◆ Exercise instructions ◆
Look for the line that has "Canon Industrial Printers" in the material below; please repeat it and every line after it, exactly, up to and including the line that has "Produktbild von UYN", and nothing else.

──────── Material for this task

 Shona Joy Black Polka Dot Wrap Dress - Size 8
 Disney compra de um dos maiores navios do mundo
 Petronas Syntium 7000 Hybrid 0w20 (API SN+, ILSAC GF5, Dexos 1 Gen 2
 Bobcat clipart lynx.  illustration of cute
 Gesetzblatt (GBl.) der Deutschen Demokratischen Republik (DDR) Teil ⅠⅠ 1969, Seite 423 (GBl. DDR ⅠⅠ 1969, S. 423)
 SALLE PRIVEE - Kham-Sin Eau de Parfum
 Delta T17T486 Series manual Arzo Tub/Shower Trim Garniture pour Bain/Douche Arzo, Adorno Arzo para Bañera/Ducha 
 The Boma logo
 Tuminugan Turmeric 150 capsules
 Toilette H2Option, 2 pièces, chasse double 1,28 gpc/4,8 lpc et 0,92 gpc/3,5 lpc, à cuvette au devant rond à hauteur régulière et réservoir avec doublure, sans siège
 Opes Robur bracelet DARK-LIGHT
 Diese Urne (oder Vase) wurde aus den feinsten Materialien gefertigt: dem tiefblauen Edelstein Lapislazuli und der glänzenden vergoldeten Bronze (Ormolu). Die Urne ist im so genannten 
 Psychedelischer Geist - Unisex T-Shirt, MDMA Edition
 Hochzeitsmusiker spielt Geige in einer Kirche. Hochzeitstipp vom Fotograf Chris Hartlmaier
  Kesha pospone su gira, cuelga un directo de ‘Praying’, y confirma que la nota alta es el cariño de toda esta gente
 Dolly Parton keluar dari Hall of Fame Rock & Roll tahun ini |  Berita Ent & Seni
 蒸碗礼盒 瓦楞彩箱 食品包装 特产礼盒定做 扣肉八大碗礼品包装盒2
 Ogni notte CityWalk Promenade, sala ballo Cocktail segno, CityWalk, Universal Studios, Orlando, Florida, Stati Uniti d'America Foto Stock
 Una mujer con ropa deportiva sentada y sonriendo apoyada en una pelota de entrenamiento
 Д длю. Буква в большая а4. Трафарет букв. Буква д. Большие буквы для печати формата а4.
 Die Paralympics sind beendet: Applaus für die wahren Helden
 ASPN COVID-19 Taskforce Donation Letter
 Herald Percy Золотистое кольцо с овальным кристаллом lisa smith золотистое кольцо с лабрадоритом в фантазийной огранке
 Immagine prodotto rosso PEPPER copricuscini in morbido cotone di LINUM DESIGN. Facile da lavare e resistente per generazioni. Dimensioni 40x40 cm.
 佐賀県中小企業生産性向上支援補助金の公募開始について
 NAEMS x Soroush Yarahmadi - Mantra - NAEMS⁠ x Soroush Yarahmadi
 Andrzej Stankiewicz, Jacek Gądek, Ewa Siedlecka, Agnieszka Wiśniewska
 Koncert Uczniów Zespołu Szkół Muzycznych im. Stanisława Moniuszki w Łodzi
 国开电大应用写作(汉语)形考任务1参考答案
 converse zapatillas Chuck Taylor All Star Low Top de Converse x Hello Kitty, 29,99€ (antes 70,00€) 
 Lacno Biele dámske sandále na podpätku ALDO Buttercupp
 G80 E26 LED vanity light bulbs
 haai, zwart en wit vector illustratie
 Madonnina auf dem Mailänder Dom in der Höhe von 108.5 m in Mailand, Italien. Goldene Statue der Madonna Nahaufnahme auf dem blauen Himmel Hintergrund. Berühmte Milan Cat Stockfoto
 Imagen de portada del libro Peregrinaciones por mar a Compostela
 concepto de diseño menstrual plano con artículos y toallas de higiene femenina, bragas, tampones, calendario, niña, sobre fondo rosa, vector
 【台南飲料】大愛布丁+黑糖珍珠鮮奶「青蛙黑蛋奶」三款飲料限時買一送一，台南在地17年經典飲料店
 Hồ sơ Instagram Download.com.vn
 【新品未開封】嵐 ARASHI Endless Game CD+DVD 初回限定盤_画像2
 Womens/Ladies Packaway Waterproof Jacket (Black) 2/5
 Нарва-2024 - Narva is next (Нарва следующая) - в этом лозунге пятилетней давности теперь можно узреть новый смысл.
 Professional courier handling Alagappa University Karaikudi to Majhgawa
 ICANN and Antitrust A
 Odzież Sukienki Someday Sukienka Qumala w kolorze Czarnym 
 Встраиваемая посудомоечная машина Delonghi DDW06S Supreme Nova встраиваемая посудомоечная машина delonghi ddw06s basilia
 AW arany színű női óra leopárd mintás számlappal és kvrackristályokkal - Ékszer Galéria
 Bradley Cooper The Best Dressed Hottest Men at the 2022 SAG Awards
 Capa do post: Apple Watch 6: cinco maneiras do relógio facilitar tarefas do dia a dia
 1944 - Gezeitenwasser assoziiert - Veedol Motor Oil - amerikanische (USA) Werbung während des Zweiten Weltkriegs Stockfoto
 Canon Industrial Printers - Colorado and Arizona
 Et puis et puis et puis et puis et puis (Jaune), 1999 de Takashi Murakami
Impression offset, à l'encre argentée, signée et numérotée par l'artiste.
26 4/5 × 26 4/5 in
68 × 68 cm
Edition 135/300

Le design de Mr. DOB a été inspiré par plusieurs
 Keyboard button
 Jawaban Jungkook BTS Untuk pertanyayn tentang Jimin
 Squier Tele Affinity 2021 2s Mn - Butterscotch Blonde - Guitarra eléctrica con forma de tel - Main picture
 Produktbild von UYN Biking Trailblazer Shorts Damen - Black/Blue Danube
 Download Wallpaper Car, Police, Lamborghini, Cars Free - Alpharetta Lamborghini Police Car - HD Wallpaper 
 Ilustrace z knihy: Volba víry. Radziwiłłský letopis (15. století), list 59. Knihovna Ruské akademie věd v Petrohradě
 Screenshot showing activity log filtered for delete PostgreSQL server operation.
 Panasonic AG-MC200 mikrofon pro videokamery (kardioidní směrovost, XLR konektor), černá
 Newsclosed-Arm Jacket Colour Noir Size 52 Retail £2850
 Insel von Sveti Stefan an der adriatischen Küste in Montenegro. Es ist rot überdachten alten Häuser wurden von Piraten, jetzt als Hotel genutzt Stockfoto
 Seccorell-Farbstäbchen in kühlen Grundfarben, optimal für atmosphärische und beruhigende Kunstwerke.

────────────────

◆ Finished exercise ◆
 Canon Industrial Printers - Colorado and Arizona
 Et puis et puis et puis et puis et puis (Jaune), 1999 de Takashi Murakami
Impression offset, à l'encre argentée, signée et numérotée par l'artiste.
26 4/5 × 26 4/5 in
68 × 68 cm
Edition 135/300

Le design de Mr. DOB a été inspiré par plusieurs
 Keyboard button
 Jawaban Jungkook BTS Untuk pertanyayn tentang Jimin
 Squier Tele Affinity 2021 2s Mn - Butterscotch Blonde - Guitarra eléctrica con forma de tel - Main picture
 Produktbild von UYN Biking Trailblazer Shorts Damen - Black/Blue Danube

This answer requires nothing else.